Sanders makes true claim. WaPo analysis: three pinochios

Since the wealthiest six people own $462.6 billion and the bottom 50 percent own $409 billion, the case is closed, right?

Yes. But there's more article for some reason.

That means a recent medical school graduate in the United States with high earning potential and loads of debt would wind up on the lower end of the scale than someone in India living on $2 a day.

Clearly, this is the majority of cases of debt, right?? Right??!?!?? If a doctor stopped working all of a sudden, his debt would be absolved, right??!?!?!?
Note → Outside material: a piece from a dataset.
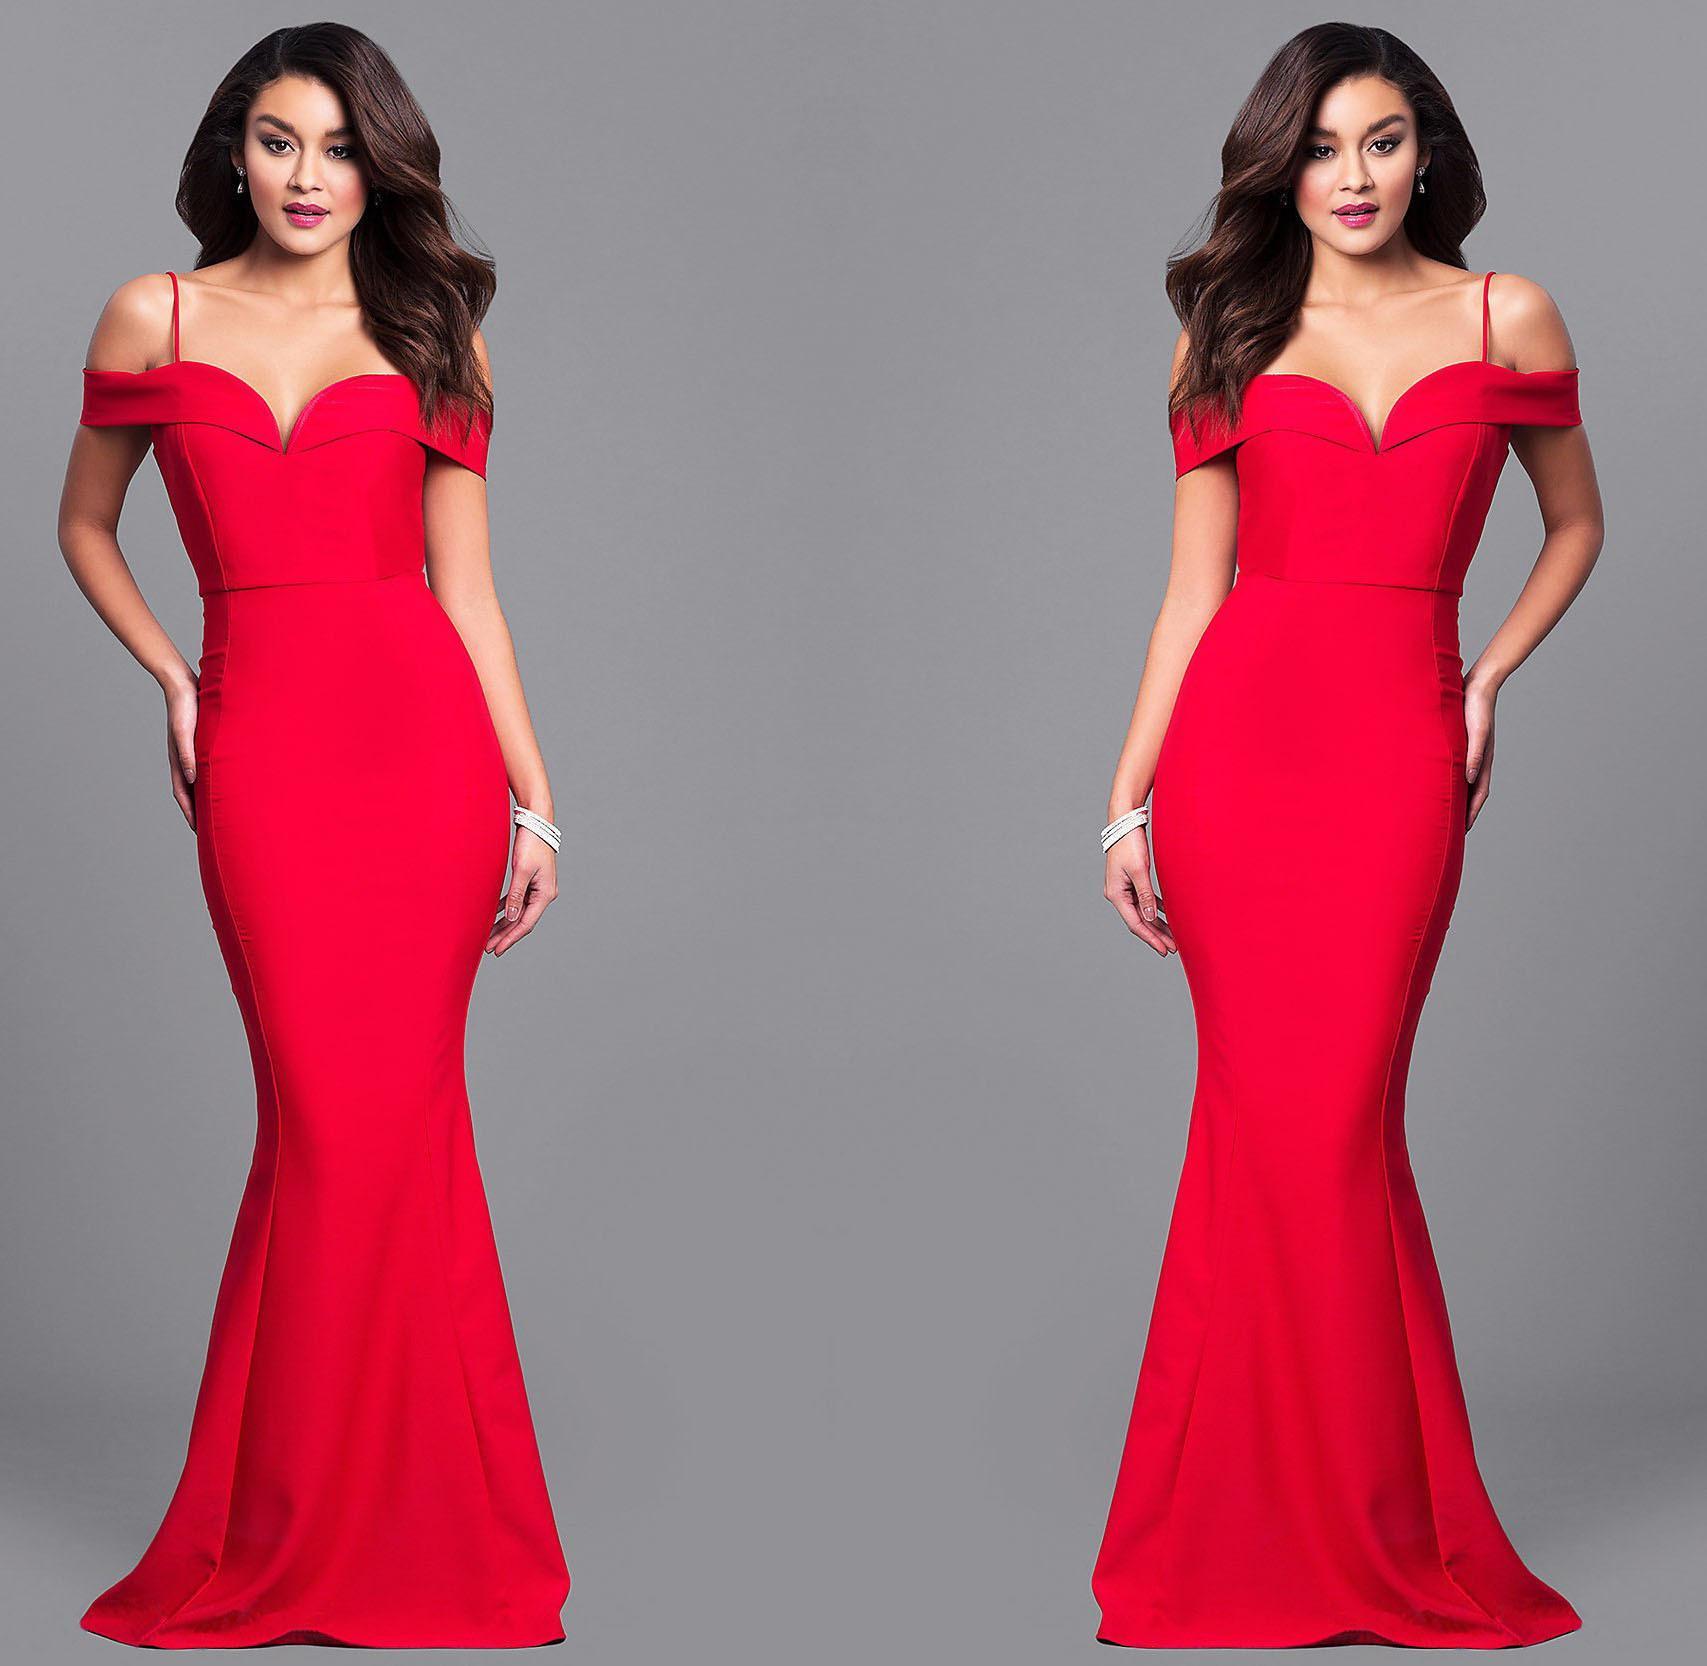 0ba15fbdd 2019 Off Shoulder Black Mermaid Prom Dresses Long Arabic Dress Lace  Appliques Pearls Formal Evening Gowns Zipper Back

Gates’s wealth is held in a complex financial system, but his wealth is being compared with nonfinancial wealth, the value of which does not fluctuate (or soar) with the same ease.

"Our pointless bullshit re-definitions of wealth make his statement not true!! Stock markets values aren't real!!!"

Bloomberg notes that Gates’s wealth has grown by $4.77 billion from 2016 to 2017.

"I guess they are real sometimes, though!!!"

There’s yet another wrinkle. Credit Suisse converts all the currencies to U.S. dollars, based on the value of the dollar at the time in question. However, it does not convert currencies using purchasing power parity exchange rates.

"Here's another pointless metric that we can run the statement through to make it not true, even though we acknowledged it was true before!!"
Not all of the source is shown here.